Former weekly police gazette, New South Wales, Australia

The New South Wales Police Gazette and Weekly Record of Crime was initially published on 2 January 1854 as the New South Wales Reports of Crime and published several times each week by the Office of the Inspector General of Police for distribution to all police stations. The NSW State Archives and Records described it as containing
"details of crimes committed, persons to be apprehended, descriptions of stolen property and rewards offered, lists of regimental and ships deserters, and other police notices concerning recovery of property, apprehension of suspects previously sought, and dismissals of police officers for unsatisfactory conduct".

From 5 March 1862 the publication's title was changed to the New South Wales Police Gazette and Weekly Record of Crime.

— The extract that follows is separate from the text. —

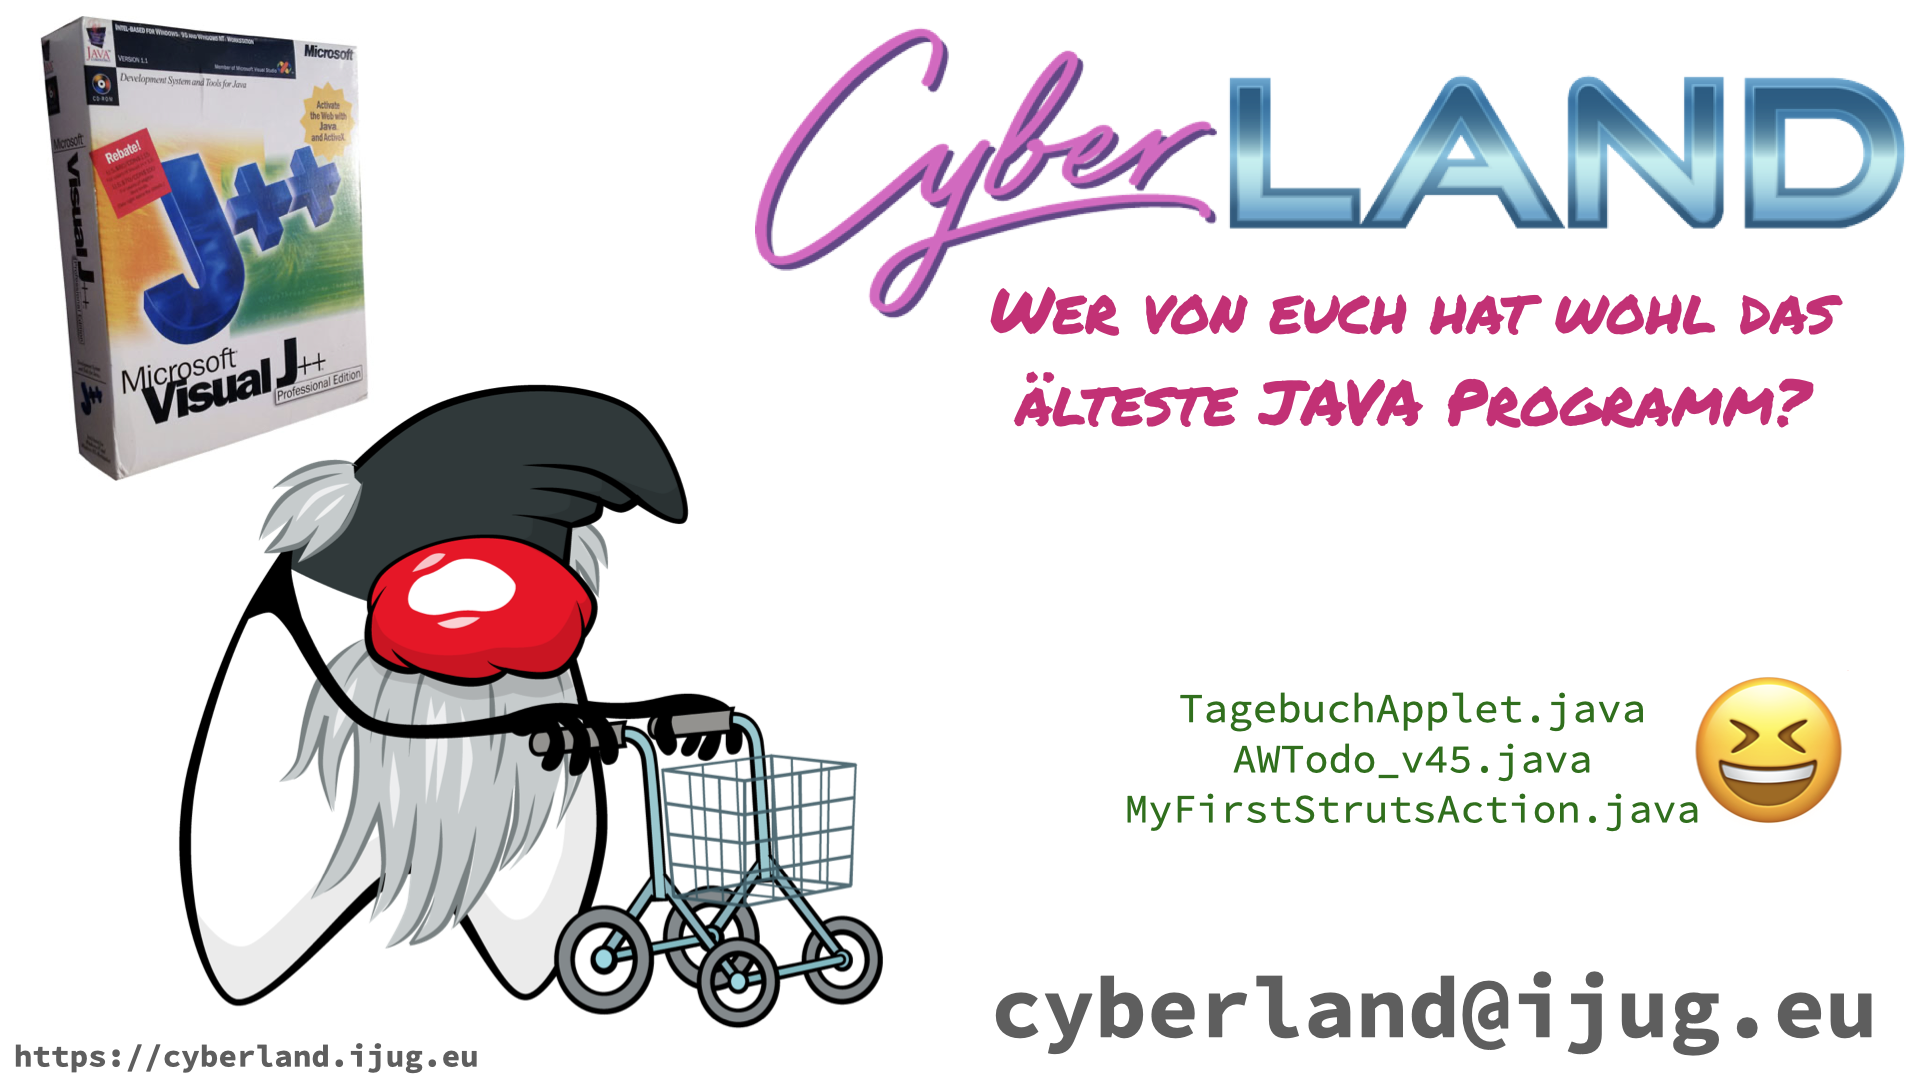 Schickt Euer ältestes Java-Programm

It was published weekly and said to contain the substance of information received in cases of felony and misdemeanors with description of offenders, &c. and every particular which may lead to their apprehension".

The Gazette continued to be published until 14 July 1982.

==Digitisation==
The Gazette has been digitised and made available on Trove, the online repository of digital collections of the National Library of Australia, from 4 June 1862, to 31 December 1930.

Issues of the Gazette after 1930 are currently not publicly available, although access to issues up to and including 1938 can be achieved by means of paid subscription to the online Ancestry genealogy service .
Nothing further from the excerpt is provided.